Includes 4 sets of data
the 107 week communication data (see codebook in Communication Data Codebook)
the alter list data for each alter from the first three network suverys
- This is all the variables from both the sender’s network surveys (appended with an “a”) and the receiver’s network surveys (appened with a “b”). This allows you to see if the named each other
the weekly tie active variables (and related variables) [NOTE in file these are in between the a and b sets of alter list data] Also first and last week active variables at end of file
6 waves of survey data for each vertice (noted as “ds” for survey data variable for sender, “dr” for receiver)
Demographic Surveys
Folder contains .dta files for each of the first 6 suveys, a merged wide and long .dta file, and .do files
pdfs are in Documentation Folder
Participant Lists
Contains information on each respondent, suveys completed, when joined, dropped, etc.

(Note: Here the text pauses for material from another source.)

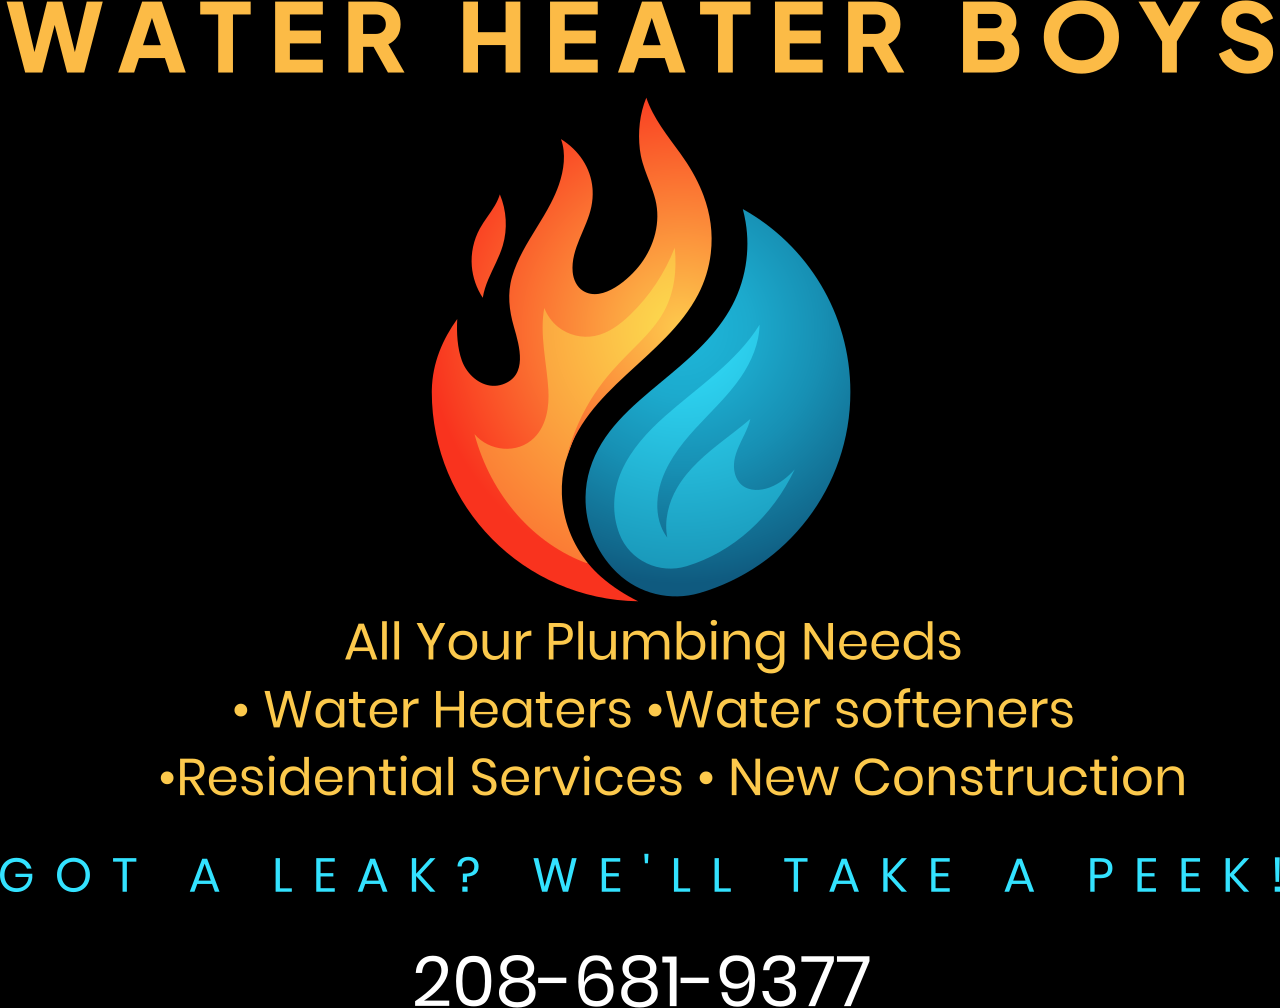 Water Heater Boys's logo

Most recent version is MasterListUpdated(07-04-2104), which was update by Margaret Pickard.
This is confidential data with limited access.
Alter Lists
Mike has been maintaining a combined alter list which merges in all information on each ego’s named alter. Mike maintains this database, though earlier versions are in the DATA/Alter lists folder
The file Combined Network Surveys - 2014-07-24.dta, has information on all named alters from all 8 network survey waves.

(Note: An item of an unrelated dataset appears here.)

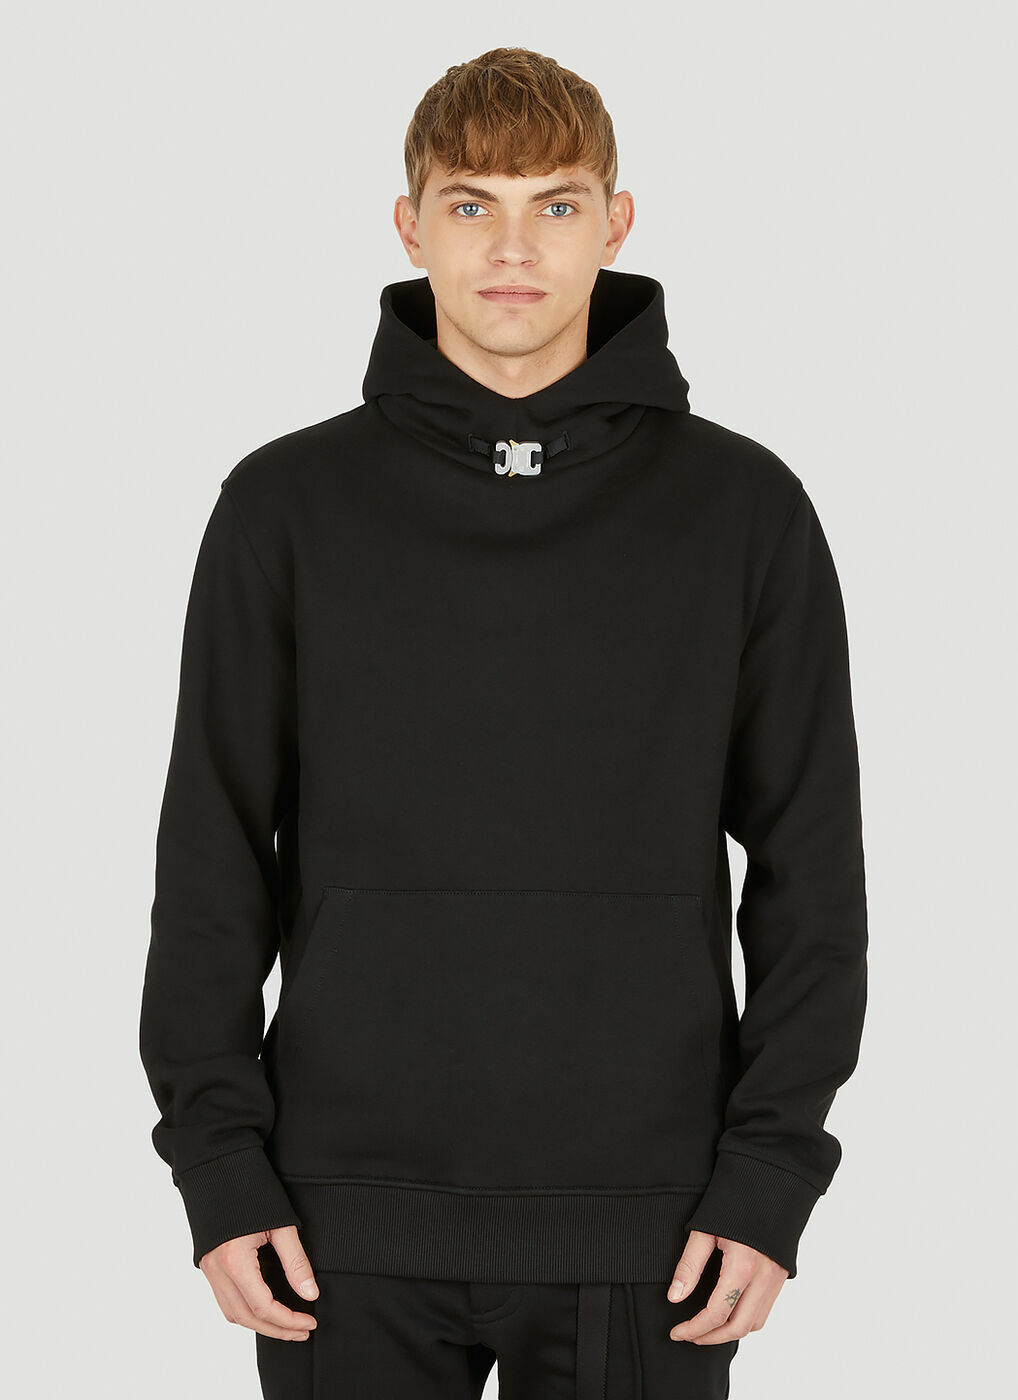 Buckle Hooded Sweatshirt in Black

There is limited documentation on these data, though .dta file is well notated.
Top 20 Data
- In May 2013 we sent to all participants a list via google spreadsheet of the top 20 people they had communicated with but not listed in a network survey. This data has been cleaned and I believe merged into the master alter list.
Quiz Data
From Oct 2011 to May 2012 (First AY)short surveys were pushed to phones
Bryant Crumbaugh got all this data in order and it is in Quiz Total5_2.dta. Currently Nathan Reed is redoing variable names for merging
Infomation on the Quiz data is in the Data/Quiz Data folder. See Quiz Data Report 8.1.14.
We do not have all the quiz data. Some quizzes were lost, others not conducted, and some have yet to be merged into the .dta data file.
Political Quiz Data
In Fall 2012 around the 2012 presidential election we pushed to phones surveys asking students about whether they planned to vote and for whom.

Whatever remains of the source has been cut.